This Toronto Black Film Festival Fashion Panel Discussion Should Be Required Viewing

Fashion
PHOTOGRAPHY COURTESY OF The Toronto Black Film Festival. GRAPHIC BY KAYLEEN DICUANGCO.

“We want people to understand what inclusion really means.”

As has been the case for most festivals and events over the course of the last year, the 9th annual Toronto Black Film Festival (TBFF) is running its programming entirely online this month. Until February 21, you can watch its roster of riveting cinematic offerings — as well as a number of musical performances, workshops and panels — from the comfort of your couch.

One scheduled chat, which launches February 12 on Facebook at 4pm EST, will feature a wealth of locally-based fashion talent: Stylist and founder/president of The Black Fashion and Beauty Gala Awards, Ann-Marie Mystique Daniel-Barker; mycoatisblue’s founder/creative director, Natasha Patten; M3 Mode Masculine Montreal founder, Yves Ulysses; designer Rhowan James; and designer/developer/blogger, Kate Pierre.

The “Fashion ‘Oh So White’ Industry” panel discussion will be moderated by Catherine Addai, founder and creative director of the Toronto-based lifestyle brand Kaela Kay. “Participating in the panel discussion was important to me because being a Black woman in the fashion industry, I’ve faced many challenges, especially around representation,” she says about why she signed on to speak with her peers as part of TBFF. “There was a lot of feedback for me when I first started my business around where to fit me in — as if the industry is already set and I needed to mold to accommodate. So, [it’s] interesting to hear the perspectives of other Black fashion entrepreneurs on their challenges, triumphs and thoughts.”

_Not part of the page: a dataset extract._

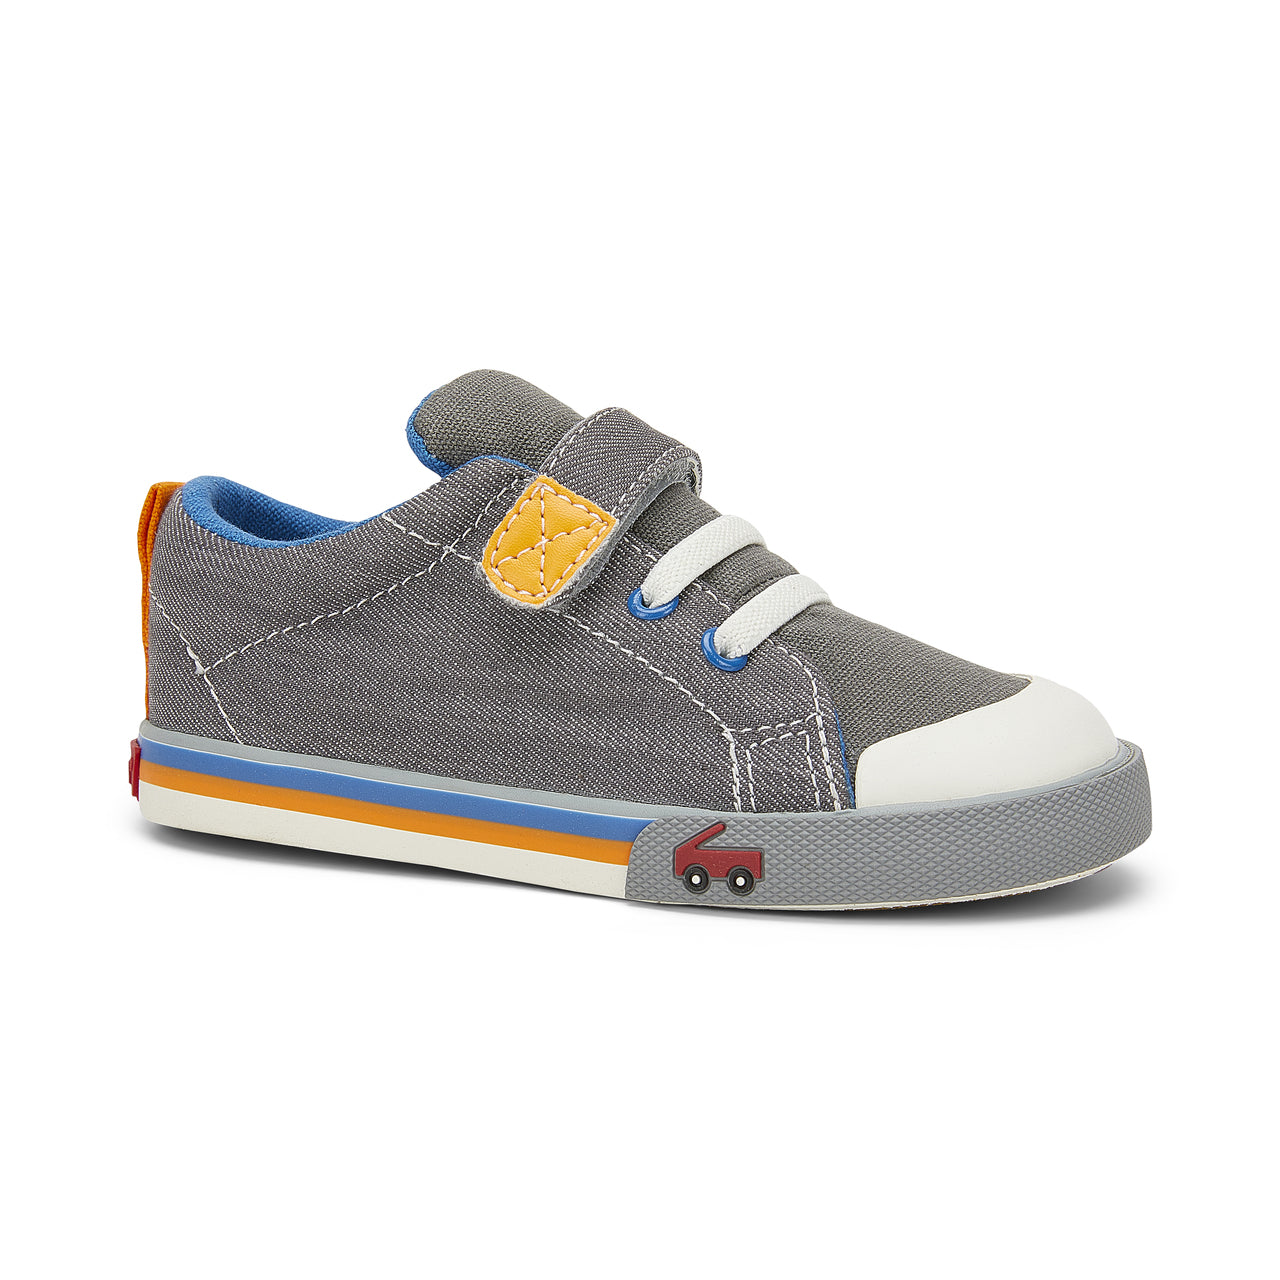 Discover this fan-favorite boys’ sneaker and see why it’s been a best-seller season after season. Classic styling and lightweight, flexible materials make the Stevie the go-to shoe for any activity.

Echoing this notion, TBFF’s founder — filmmaker/actress/entrepreneur Fabienne Colas — felt it was vital to include the perspective of Black creatives in all arts-based areas during the festival’s schedule. “For the first time in history, a Black fashion designer won an Oscar for Black Panther,” she proudly recalls about Ruth E. Carter’s win in 2019. “There’s no film without a costume design department. They’re industries that work hand-in-hand…. [And] it’s the same Black battle about a lack of representation.”

Colas highlights that while the resurgence of the Black Lives Matter movement last year may have brought about “cosmetic” changes within creative sectors — that is, hiring Black models as part of a PR move, or the launch of paltry social media campaigns — there is so far to go in terms of BIPOC voices being brought to the table to weigh in and make significant (and much-needed) changes to all industries.

“Too often we hear that brands want to celebrate Black culture, but they don’t have anyone involved in the brand’s [many] departments that are part of the culture they want to celebrate,” she says. “And that’s what results in cultural appropriation. We want people to understand what inclusion really means.”

Panelist Natasha Patten agrees. “It’s where people are making the changes that matters to me,” she says. “A brand saying they’re going to hire more Black models is different from a brand saying they’re going to hire a Black creative director, or [them] having a Black person at the top making decisions.”

For it is decision-making power that lies at the heart of diversity and inclusivity being truly meaningful concepts. “Inclusion is a decision,” Colas says. “It’s not organic — especially when the people making decisions aren’t people of colour.” She highlights the push for parity in the representation of women in higher echelons of power in the past few decades, and how that movement largely left women of colour and members of the LGBTQ+ community out. “We need to be mindful of intersectionality,” she says.

While the February 12 panel discussion will delve into “what’s not working currently, the state of affairs, and how we can move forward better,” as Colas puts it, the larger idea is to motivate concrete action to take place. “We’ve never had a lack of discussion,” she points out. “We’ve been talking about these questions for years and years. I think everyone knows what the problems are. It’s about who is around the table discussing them, and how they take action. And it’s important for everyone to listen to these conversations. Not just Black people, but non-Black people so they can understand how they can be part of the solution.”